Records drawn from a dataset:
[Start of section]

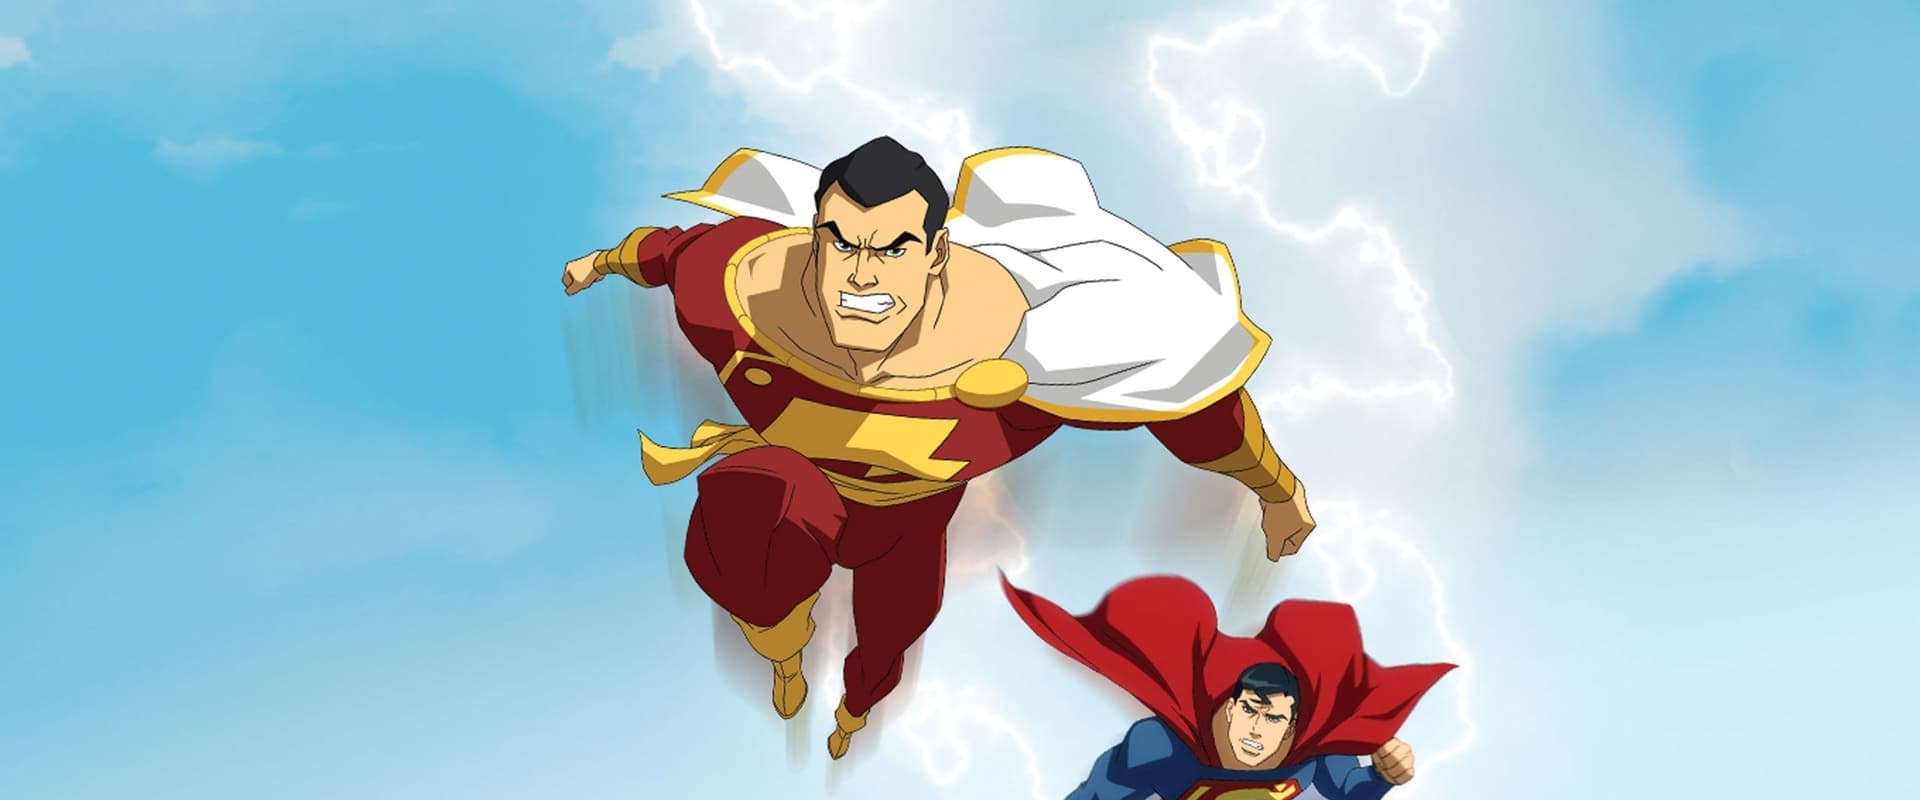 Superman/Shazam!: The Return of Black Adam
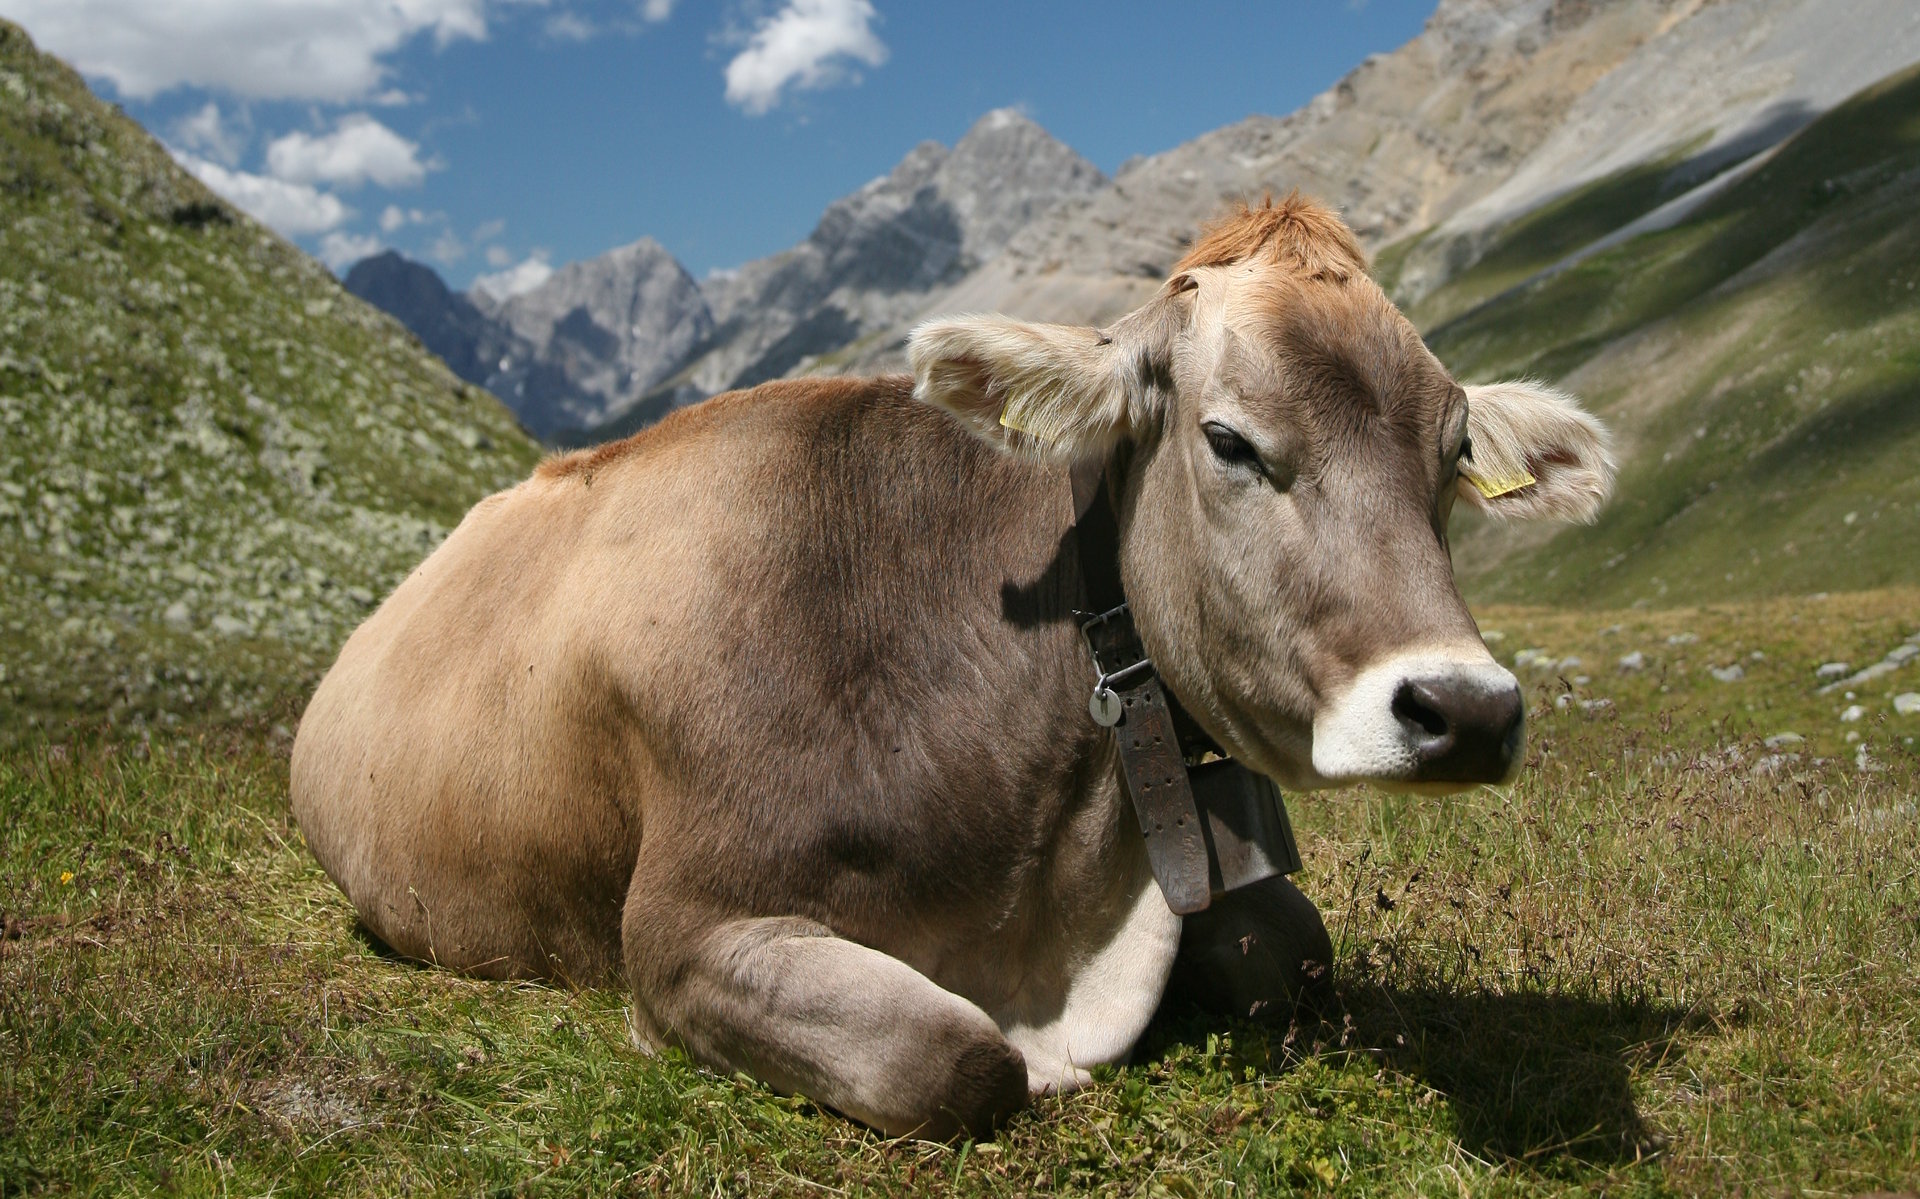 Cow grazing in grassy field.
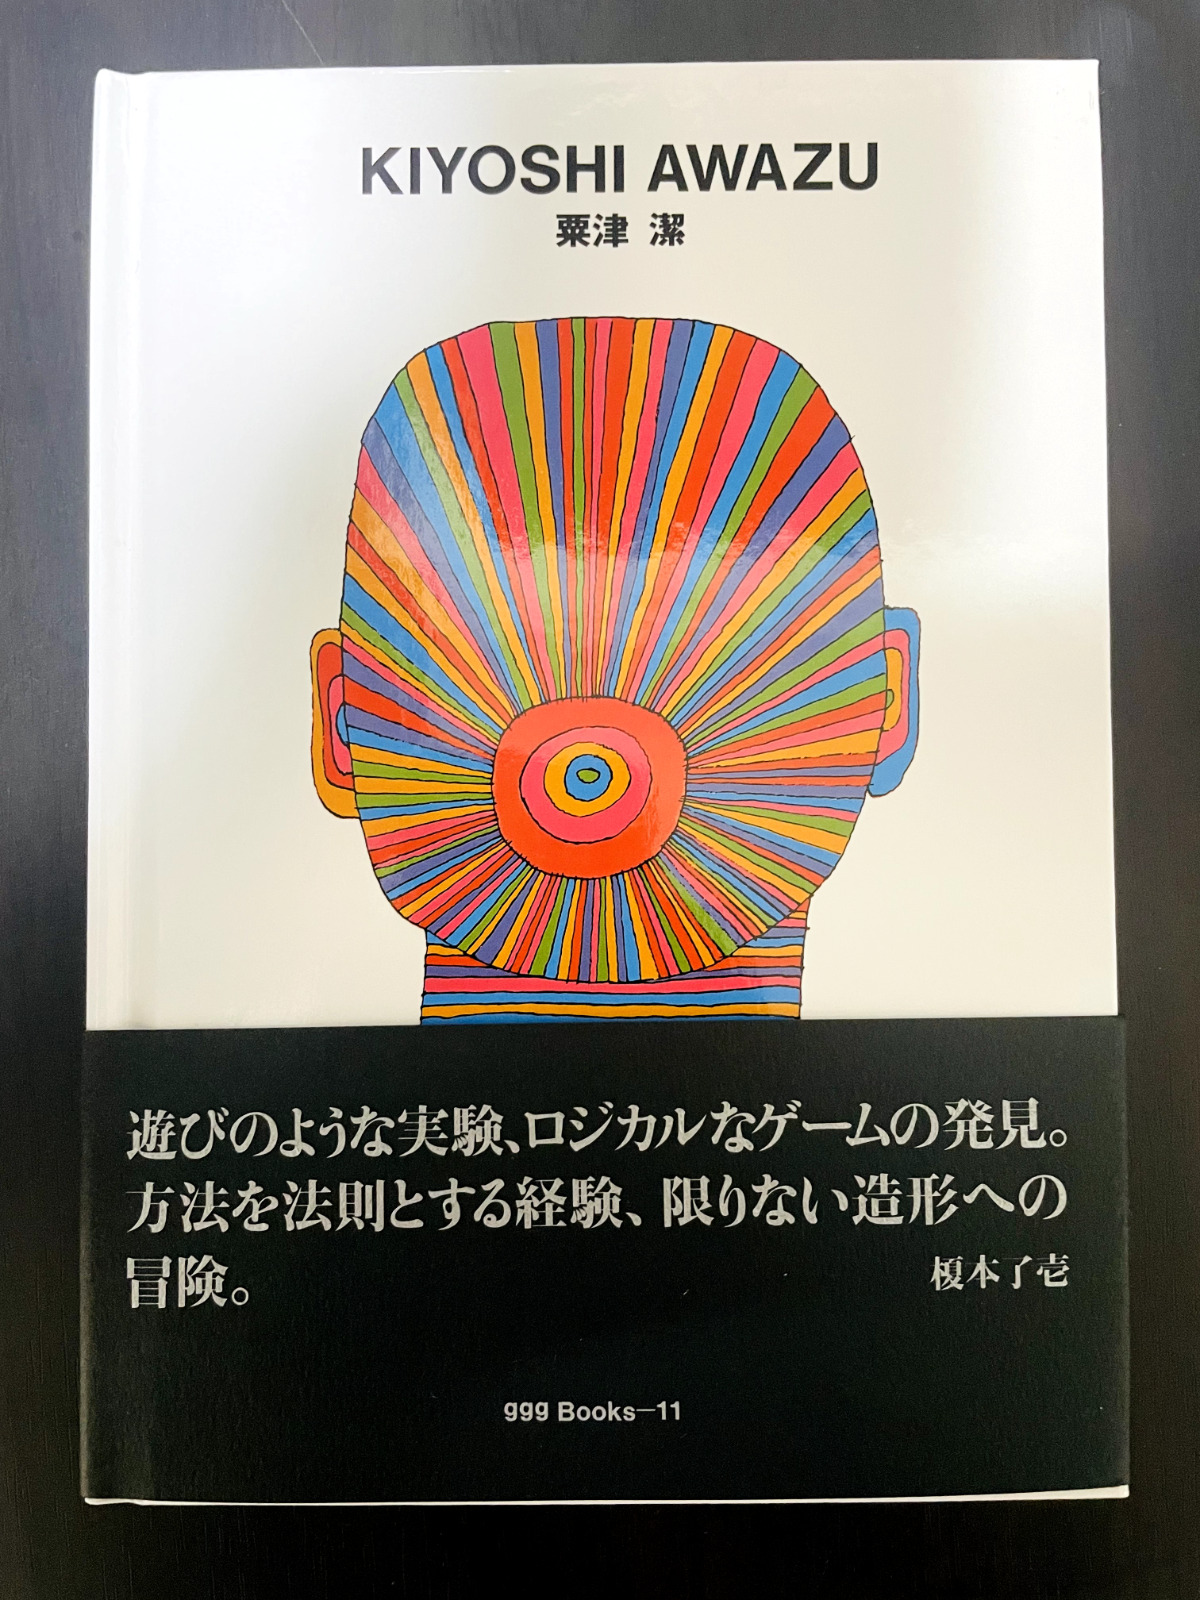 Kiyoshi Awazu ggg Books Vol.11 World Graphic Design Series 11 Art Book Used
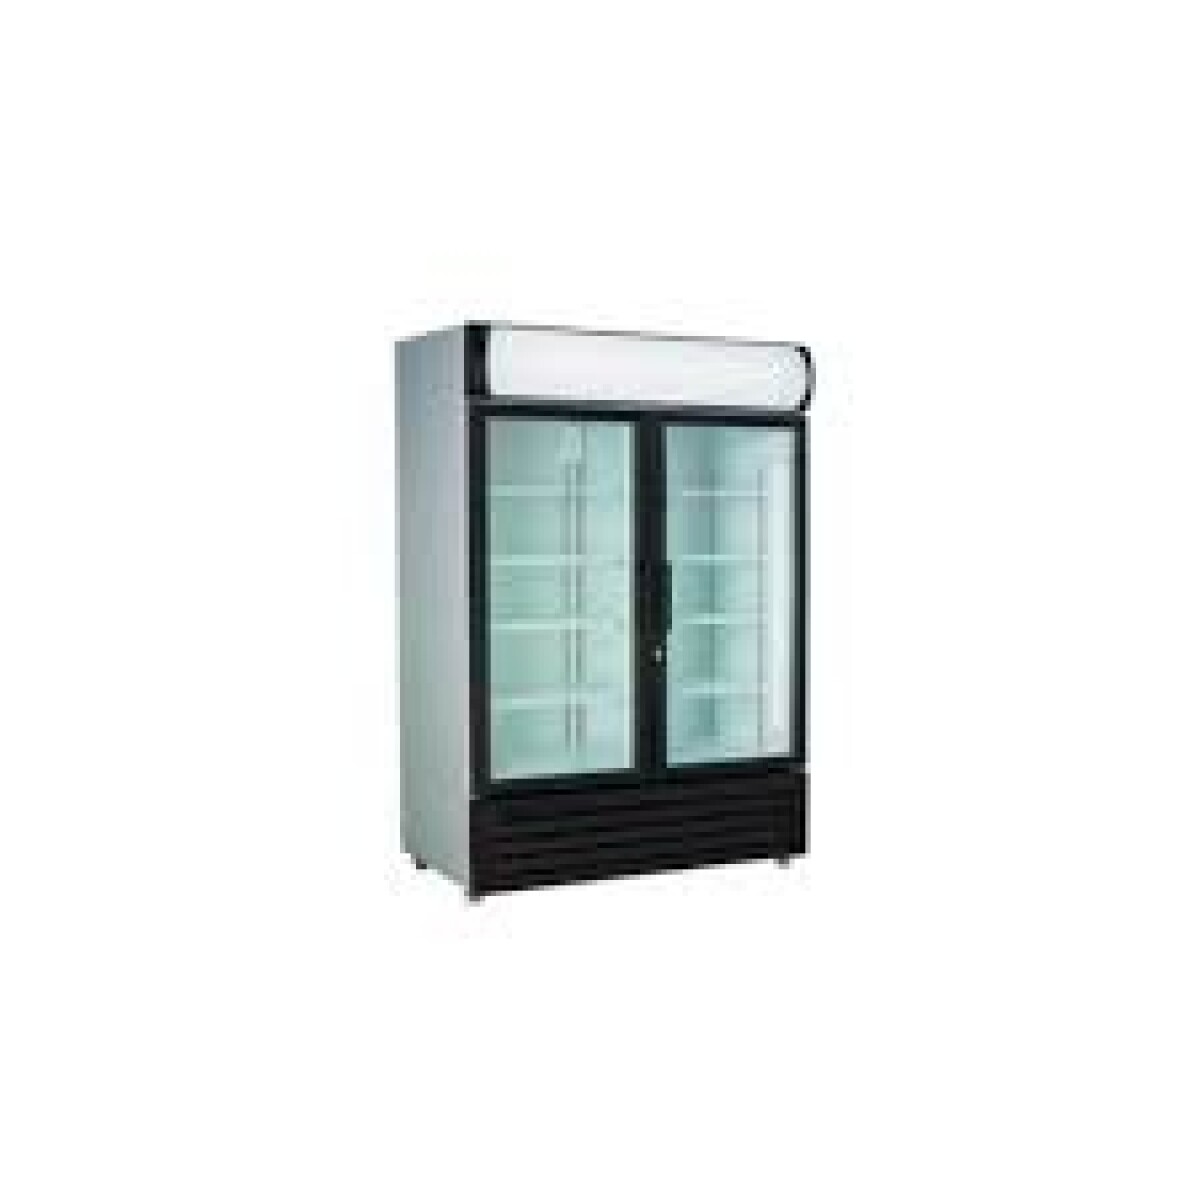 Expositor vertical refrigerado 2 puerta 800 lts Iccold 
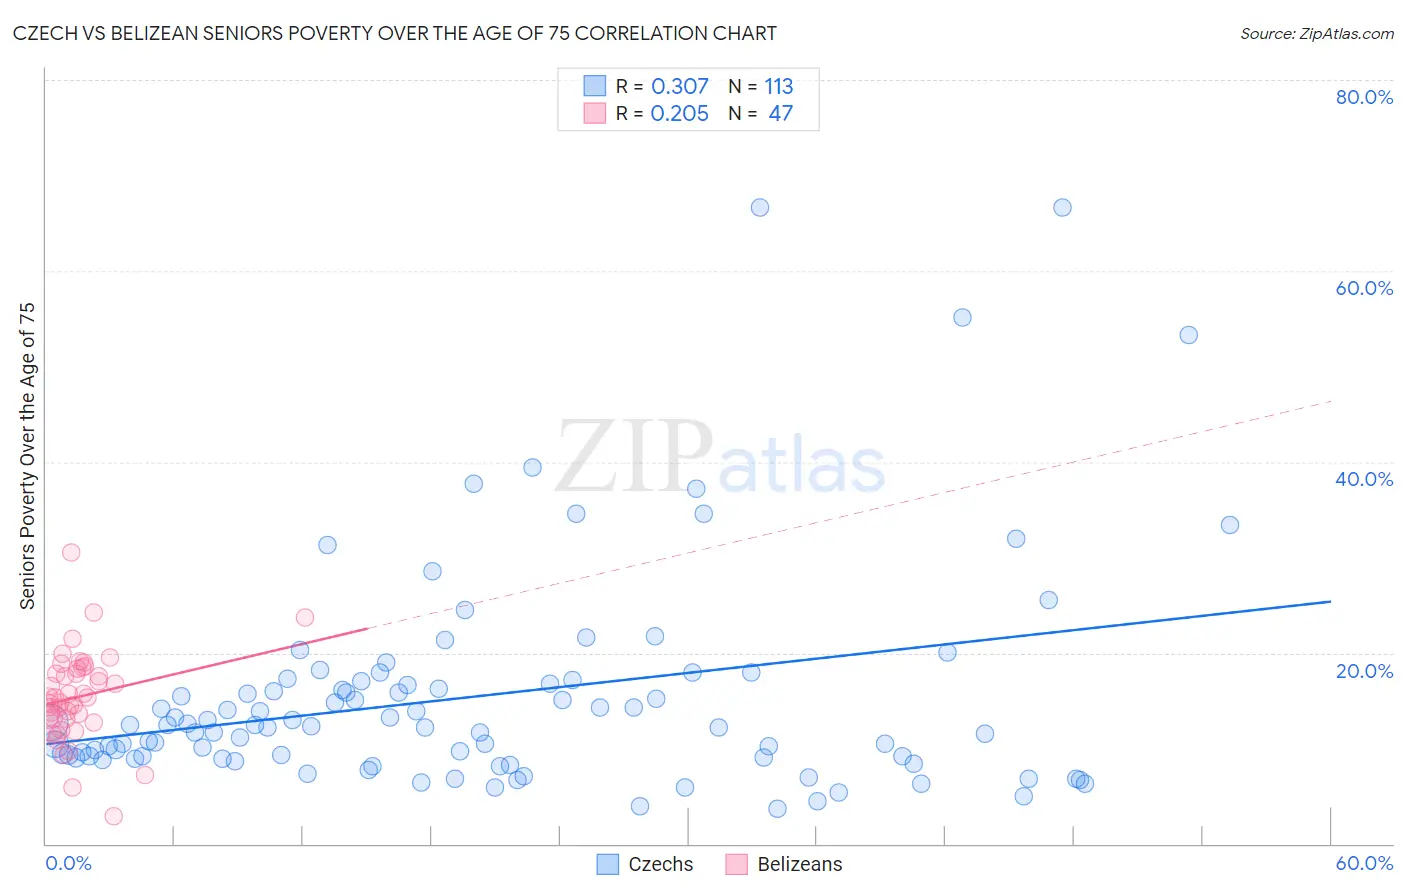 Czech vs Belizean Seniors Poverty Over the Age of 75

[End of section]

Work order
Quote the records above exactly, leaving out any pictures.

Result of this exercise
 Superman/Shazam!: The Return of Black Adam
 Cow grazing in grassy field.
 Kiyoshi Awazu ggg Books Vol.11 World Graphic Design Series 11 Art Book Used
 Expositor vertical refrigerado 2 puerta 800 lts Iccold 
 Czech vs Belizean Seniors Poverty Over the Age of 75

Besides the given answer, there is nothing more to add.